● **PROBLEM TO SOLVE**:
Look through the records below, and whenever a line contains "Sneakers", copy it.

Stored items:
........

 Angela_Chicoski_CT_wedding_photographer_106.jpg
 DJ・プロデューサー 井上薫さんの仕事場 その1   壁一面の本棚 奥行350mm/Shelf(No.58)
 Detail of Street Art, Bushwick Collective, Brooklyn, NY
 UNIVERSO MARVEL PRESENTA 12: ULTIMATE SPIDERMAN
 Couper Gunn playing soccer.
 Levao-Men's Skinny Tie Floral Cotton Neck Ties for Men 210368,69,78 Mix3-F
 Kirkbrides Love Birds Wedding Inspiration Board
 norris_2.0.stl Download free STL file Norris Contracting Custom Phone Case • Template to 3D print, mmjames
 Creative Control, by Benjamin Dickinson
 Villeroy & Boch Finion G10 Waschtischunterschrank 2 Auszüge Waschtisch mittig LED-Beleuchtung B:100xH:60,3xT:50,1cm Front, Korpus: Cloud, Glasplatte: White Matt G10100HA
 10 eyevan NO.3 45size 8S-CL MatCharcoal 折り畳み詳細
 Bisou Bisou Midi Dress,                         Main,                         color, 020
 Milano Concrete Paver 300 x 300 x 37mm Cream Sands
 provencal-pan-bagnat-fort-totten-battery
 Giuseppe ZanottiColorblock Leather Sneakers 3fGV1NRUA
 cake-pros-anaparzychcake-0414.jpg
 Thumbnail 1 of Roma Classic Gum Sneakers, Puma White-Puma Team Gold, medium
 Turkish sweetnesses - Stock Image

........

● **WRITTEN REPLY**:
 Giuseppe ZanottiColorblock Leather Sneakers 3fGV1NRUA
 Thumbnail 1 of Roma Classic Gum Sneakers, Puma White-Puma Team Gold, medium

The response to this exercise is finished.